▶ Provided entries:
* * *

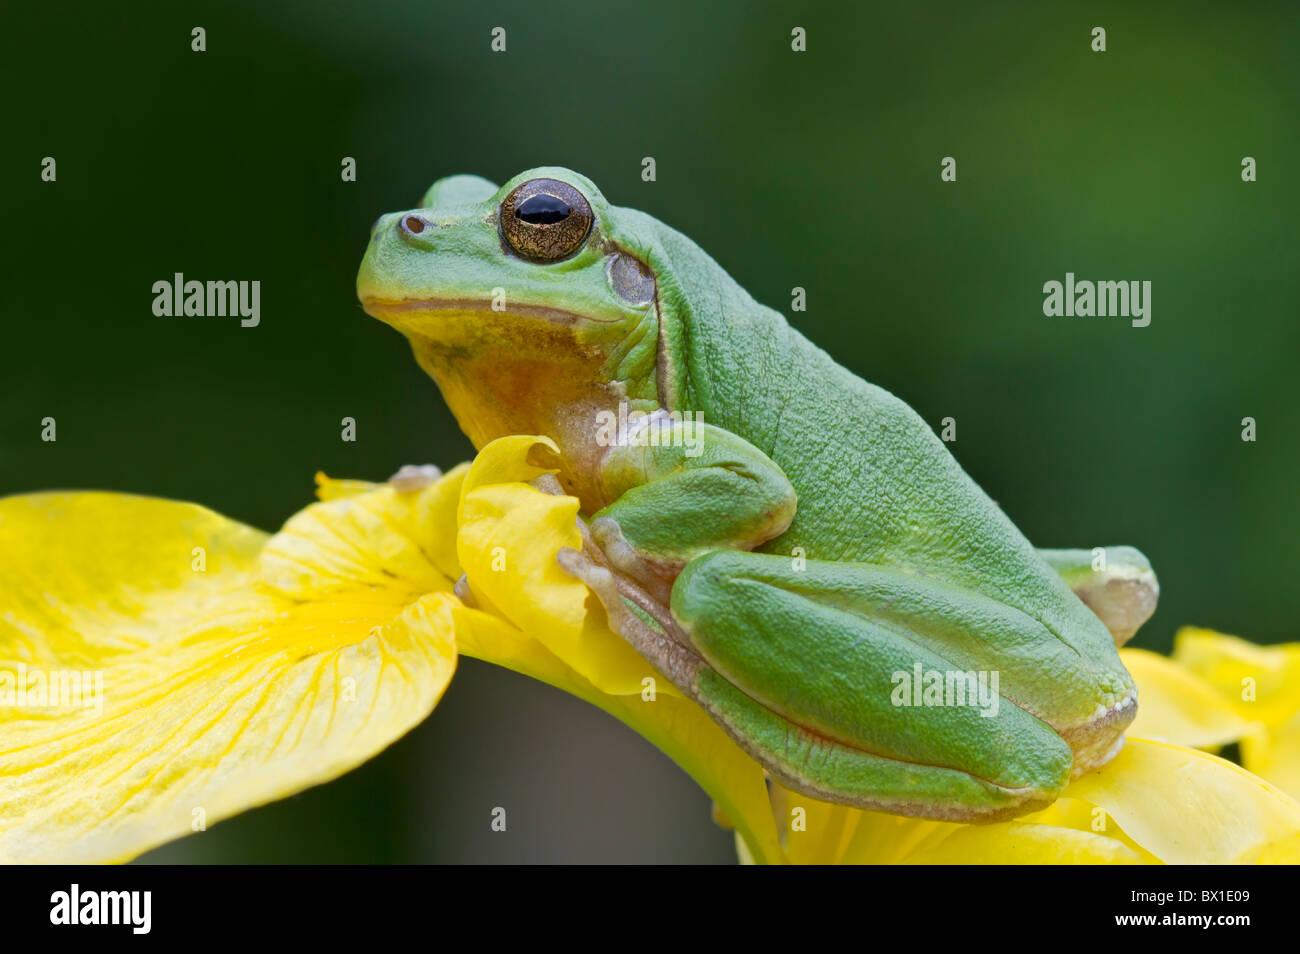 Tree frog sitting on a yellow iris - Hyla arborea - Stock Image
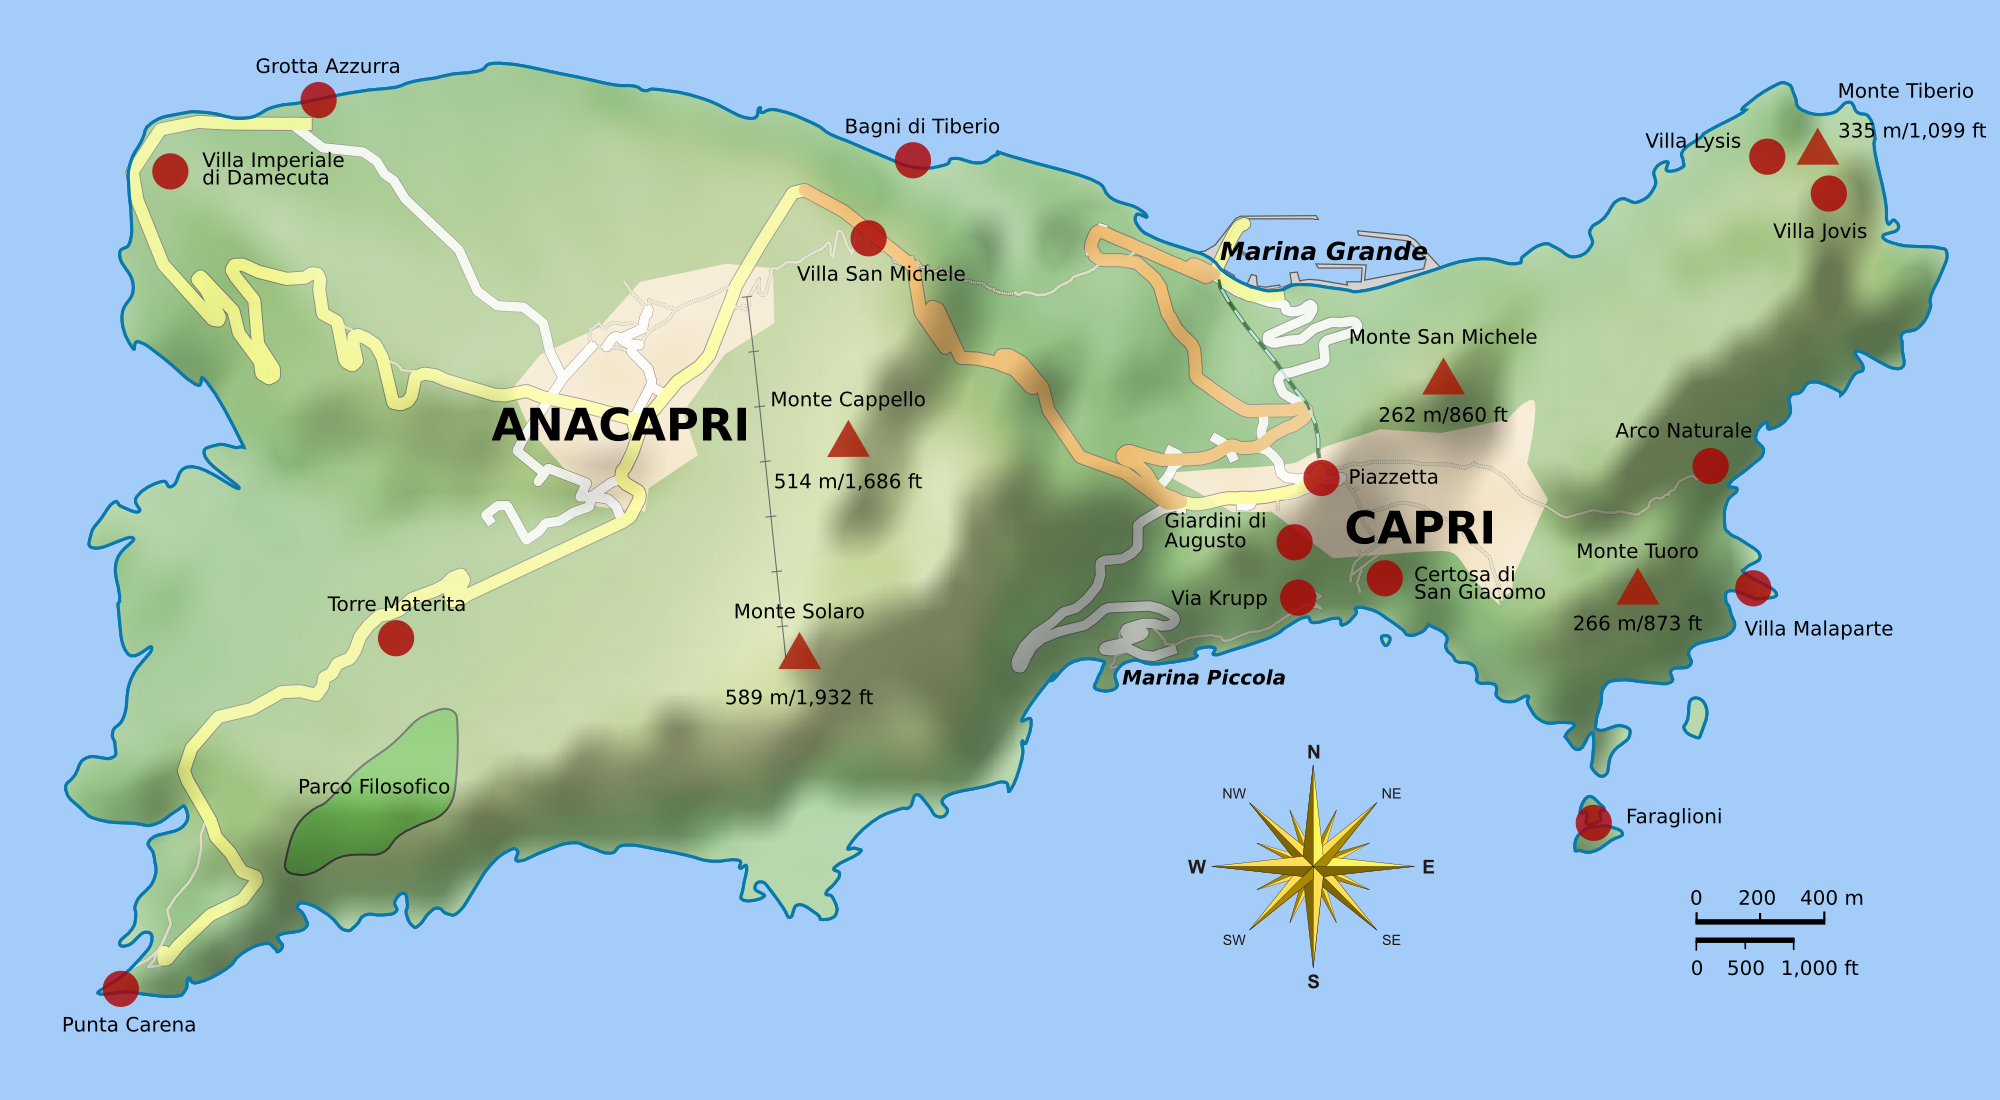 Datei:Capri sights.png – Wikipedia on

* * *

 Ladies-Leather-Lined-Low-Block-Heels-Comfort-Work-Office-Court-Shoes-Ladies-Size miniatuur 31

* * *

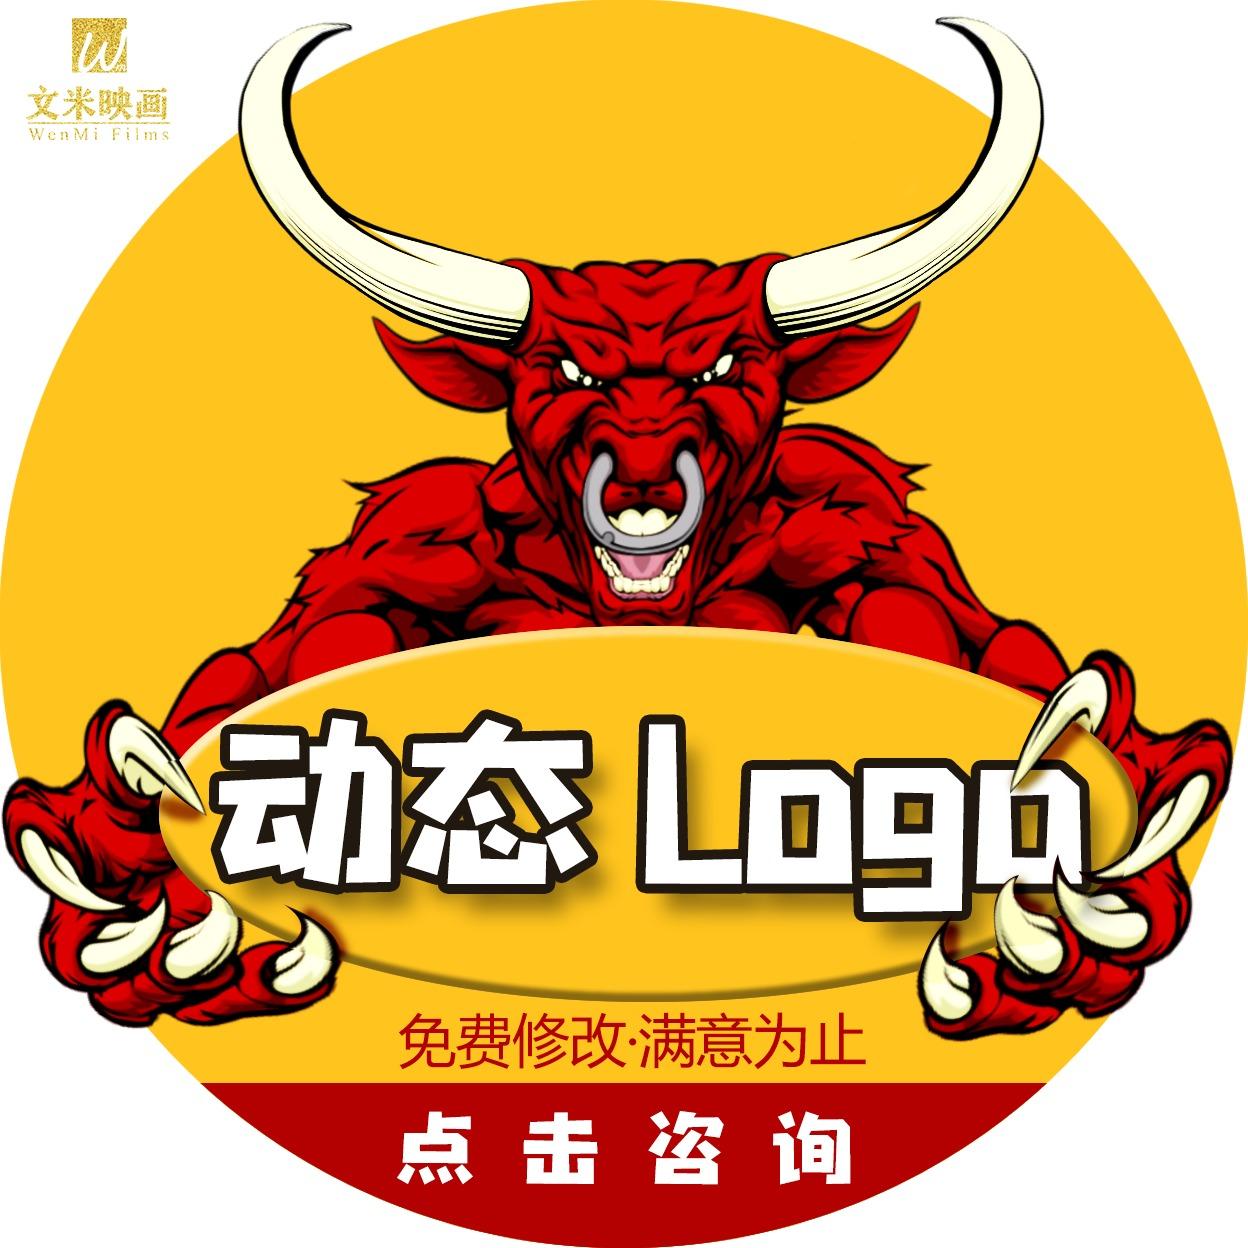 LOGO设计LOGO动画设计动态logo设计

* * *

Look above for the line with "Tree frog sitting" and the line with "Datei:Capri sights.png – Wikipedia on". Give again exactly those two lines and all lines between them, pictures excluded.

▶ Response:
 Tree frog sitting on a yellow iris - Hyla arborea - Stock Image
 Datei:Capri sights.png – Wikipedia on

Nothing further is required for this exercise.